Body Language 101: The Mouth

mouthTo wrap up the week I’m going to talk a little bit about your mouth and how it pertains to body language. Your mouth gives away a myriad of incredibly signals but very few people realize, or have control over, the movements they make with their mouths.

The mouth can easily be hidden with papers or with a person’s hand but is something most can’t control unless they’re physically touching it. Smiling involves the entire face while fake facial expressions only involve the mouth. Here are a few things to look for when you assess a person’s face – specifically the mouth.

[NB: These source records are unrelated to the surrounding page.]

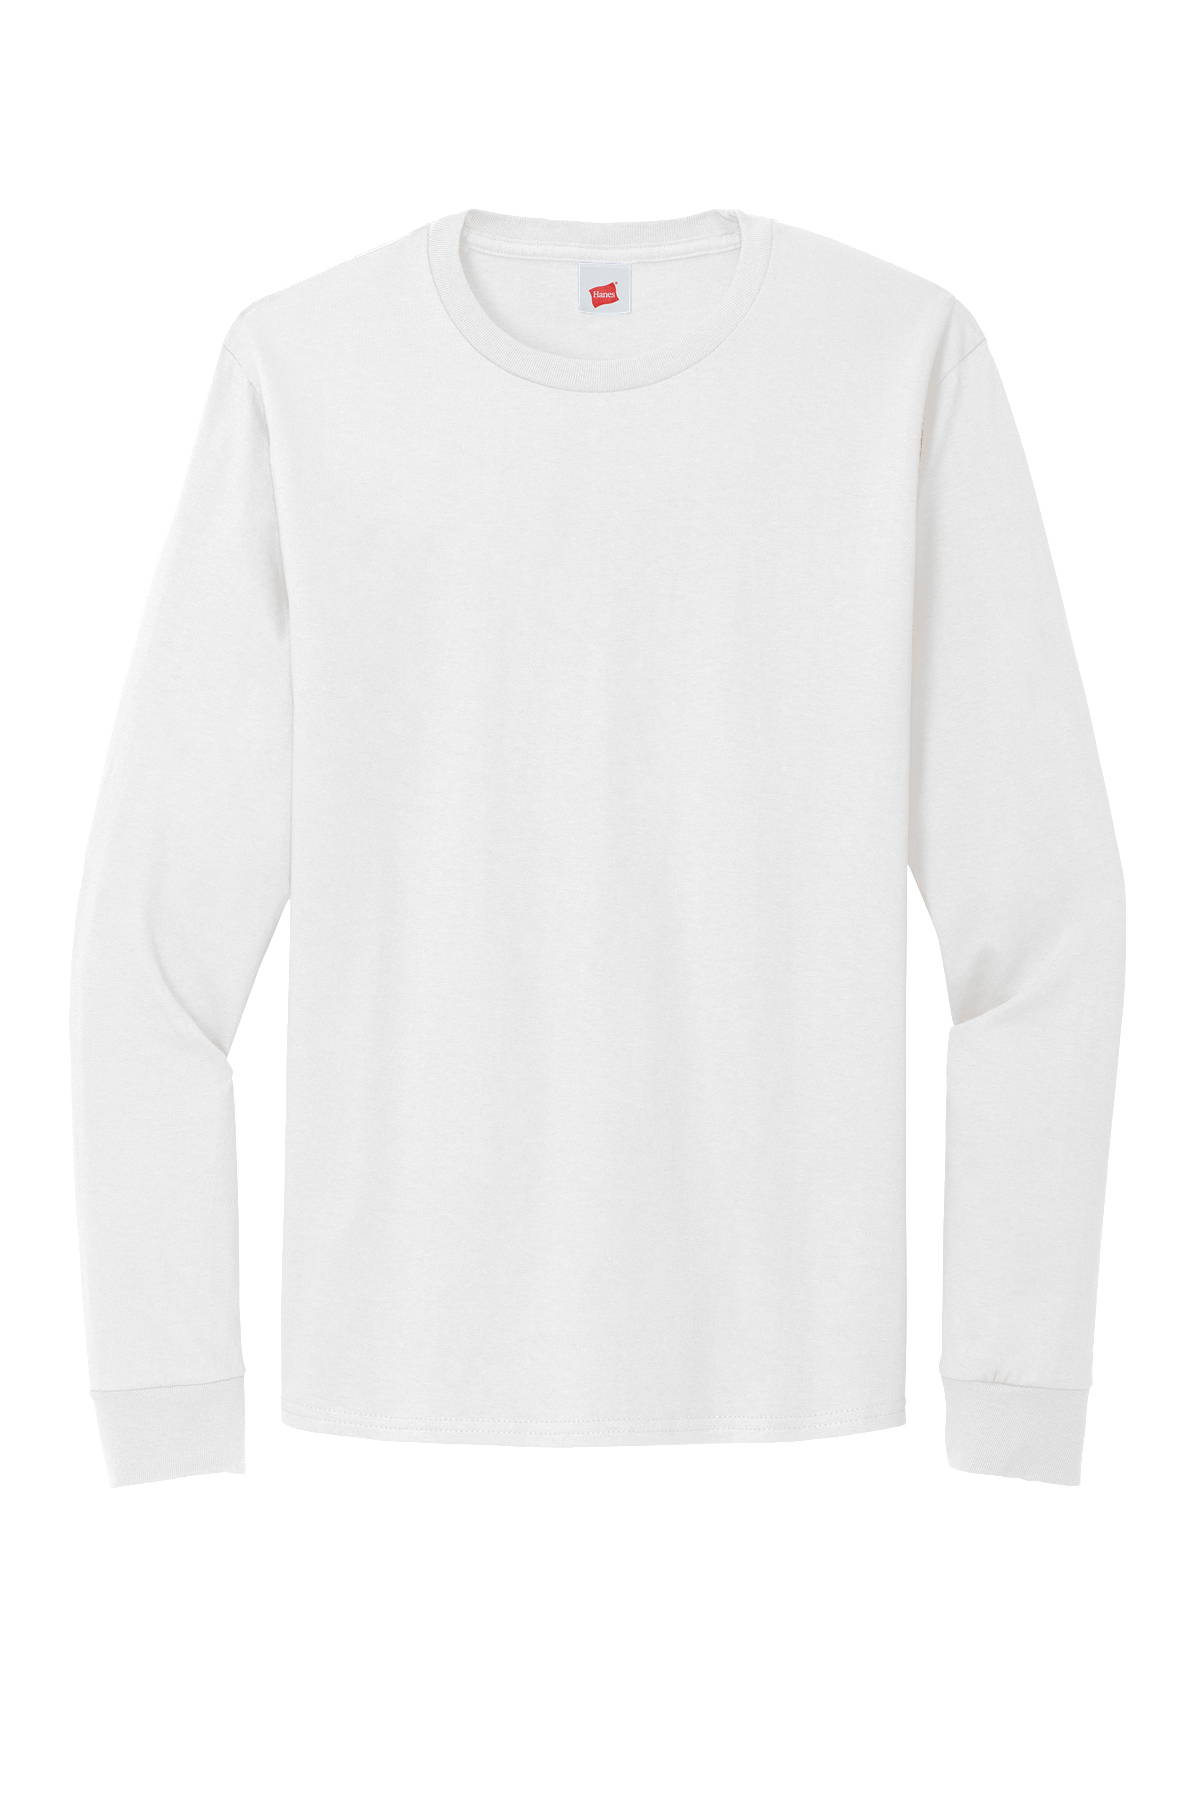 Hanes Essential-T 100% Cotton Long Sleeve T-Shirt | Product | SanMar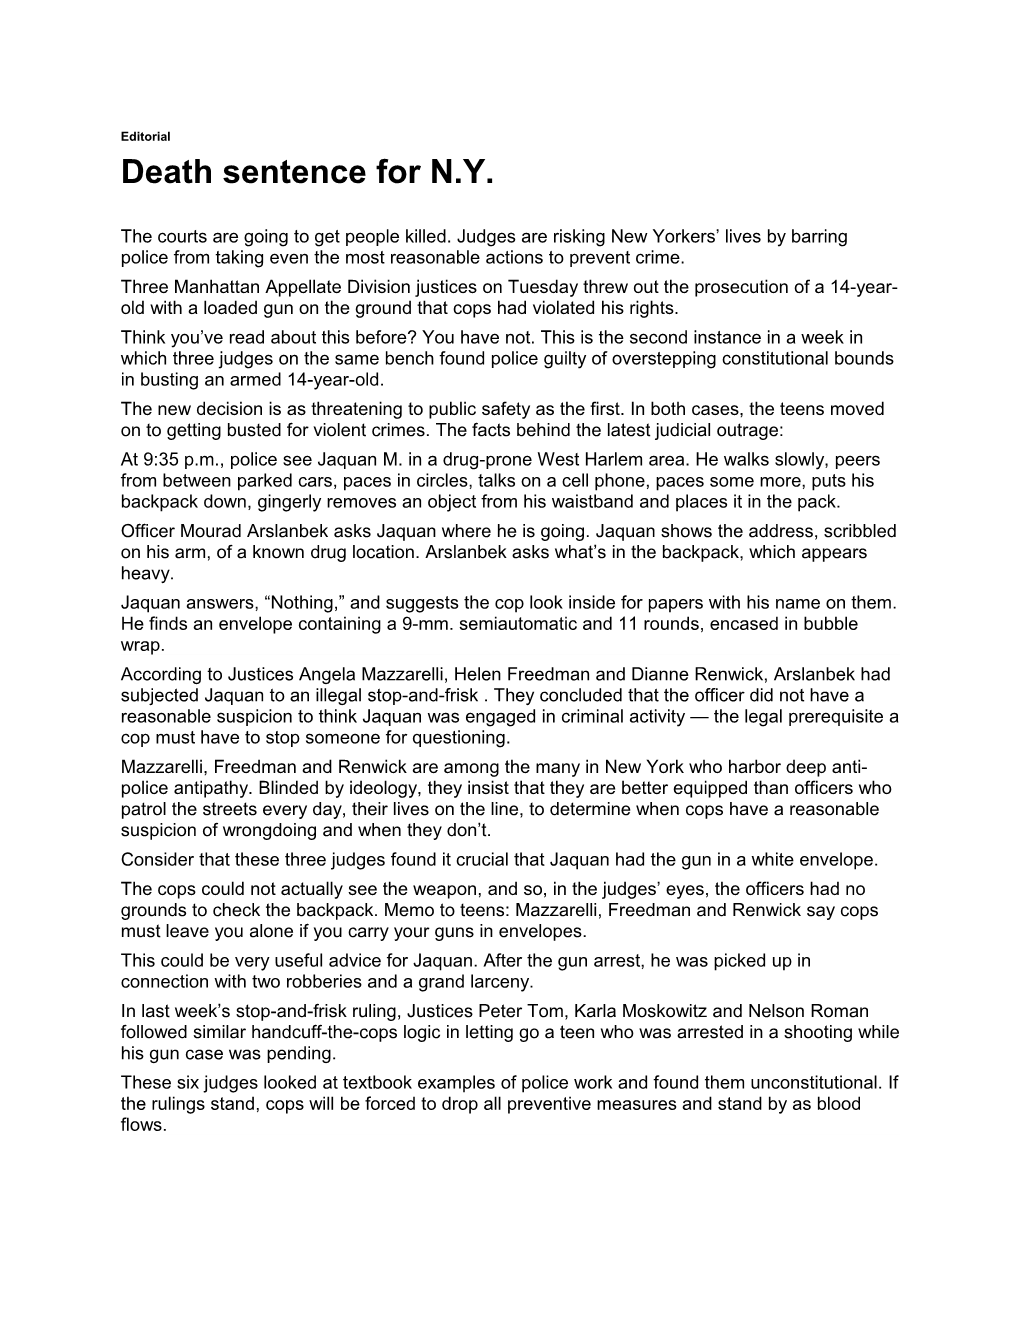 Death Sentence for N.Y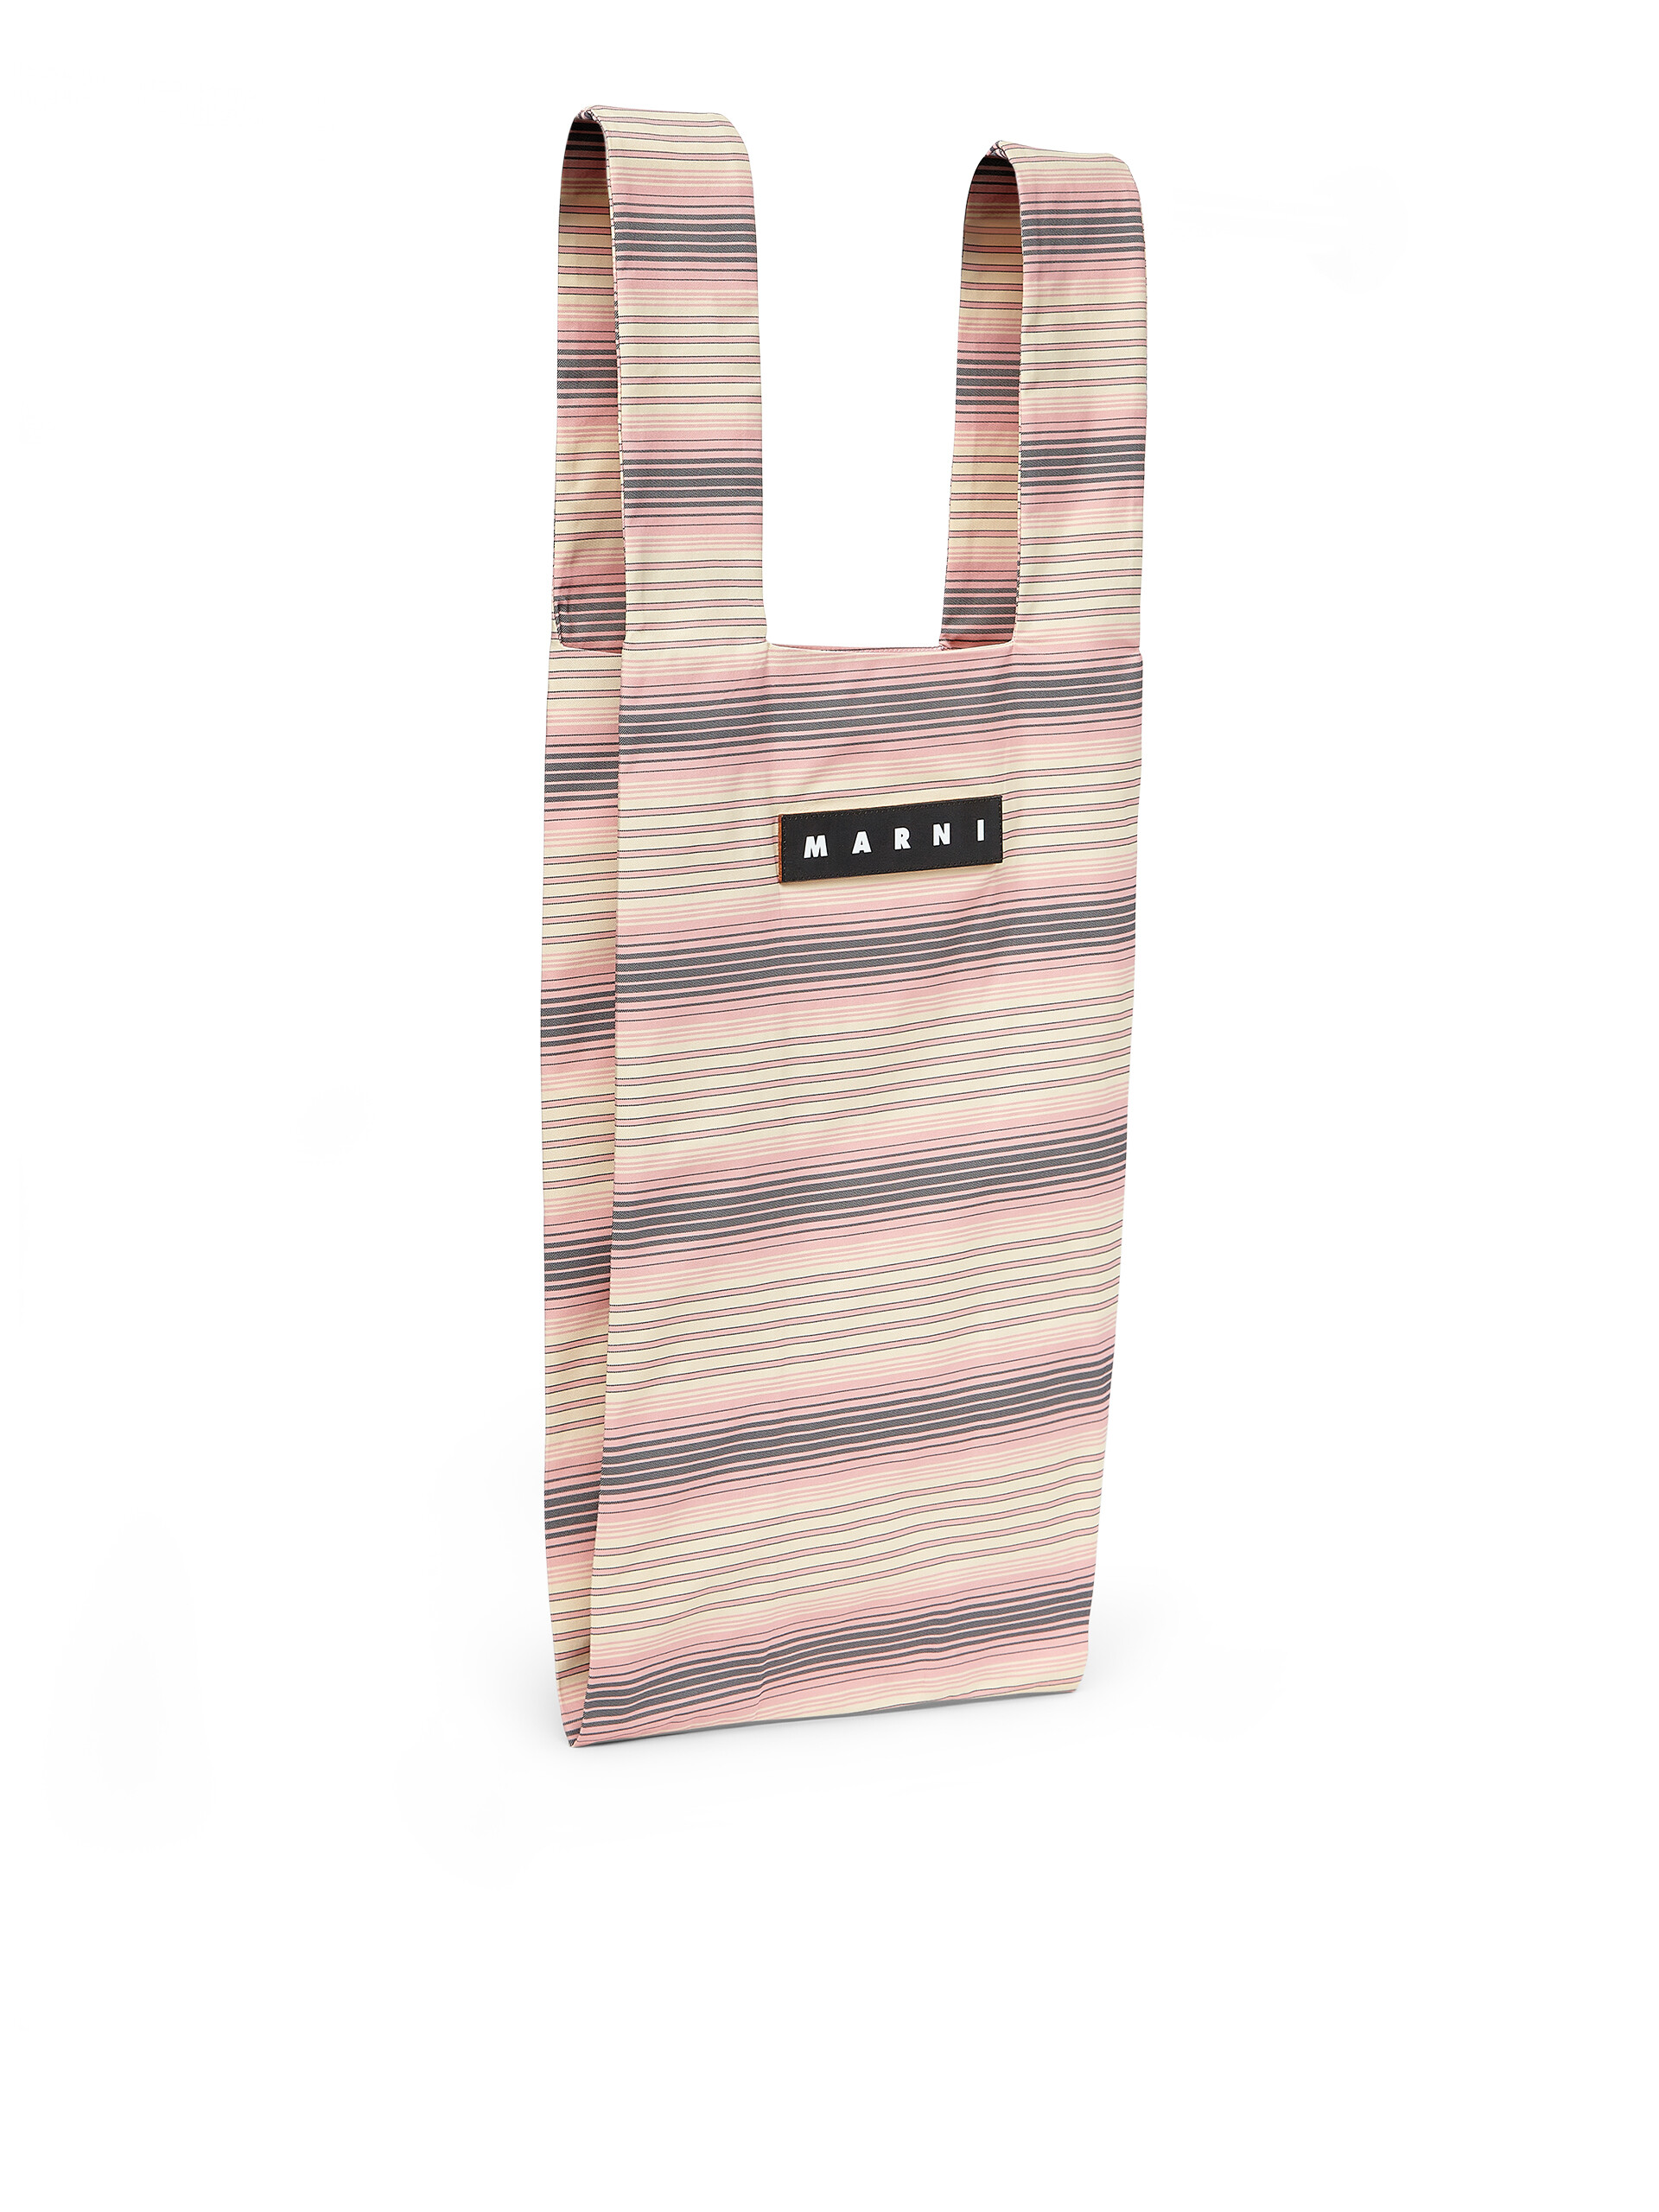 MARNI MARKET shopping bag with pink horizontal striped print - Bags - Image 2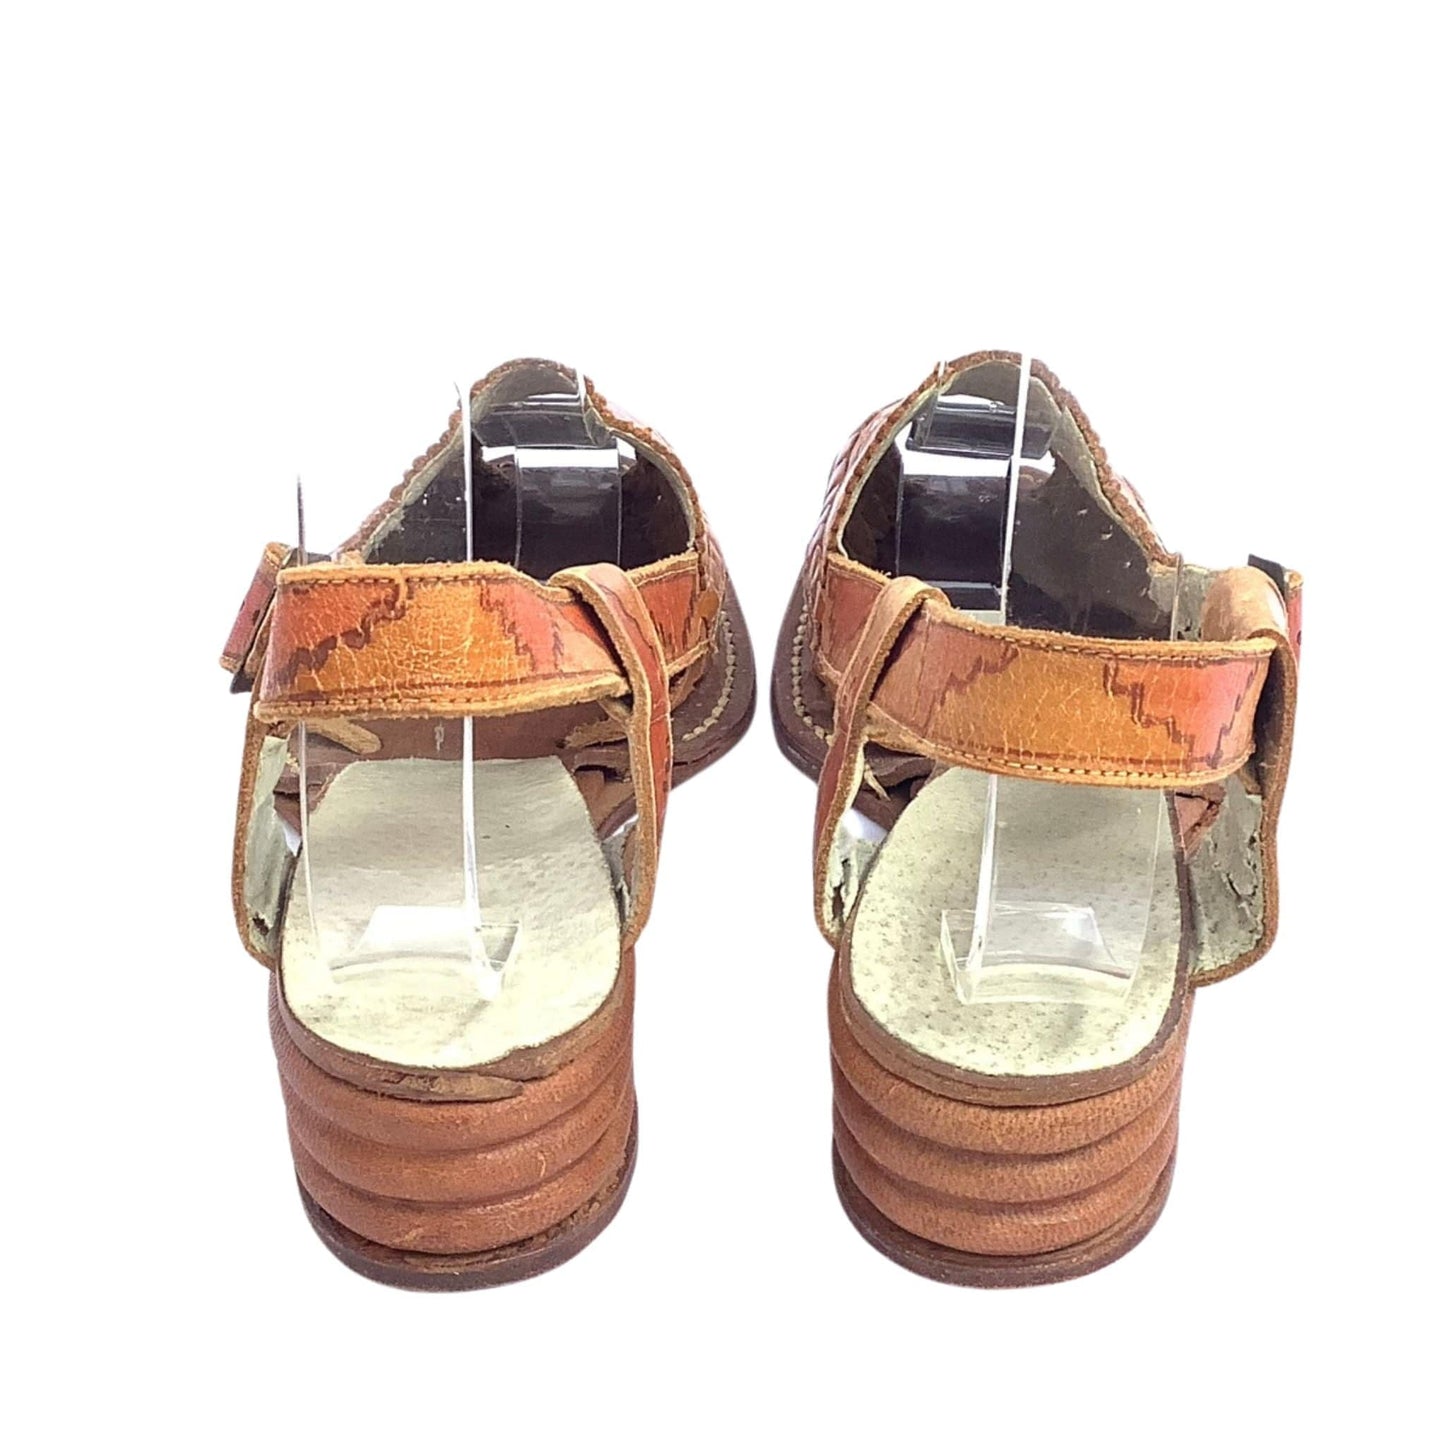 1930s Mexican Sandals 6.5 / Multi / Vintage 1930s

  • Fake or pasted smiles appear on a person’s face very quickly, stay in place longer than a real smile would, and is limited to the person’s mouth alone. Their eyes don’t shine, their cheeks don’t move, and they don’t actually look happy. If you see a faked smile you should wonder why.
  • People who smile with their lips closed, aka tight-lipped, are usually trying to hide something. They either have a secret or are rejecting you because they don’t like or trust you.
  • When a person juts out his bottom lip he’s letting you know he is upset about something. Some people do this naturally when they are crying but a person doesn’t have to be crying to let you know something is wrong.
  • If you notice someone biting his or her lip it may be because he feels as though he’s in a tense situation. Lip biting often indicates stress, tension, or anxiety or in rare cases may indicate a person is focused and concentrating on something.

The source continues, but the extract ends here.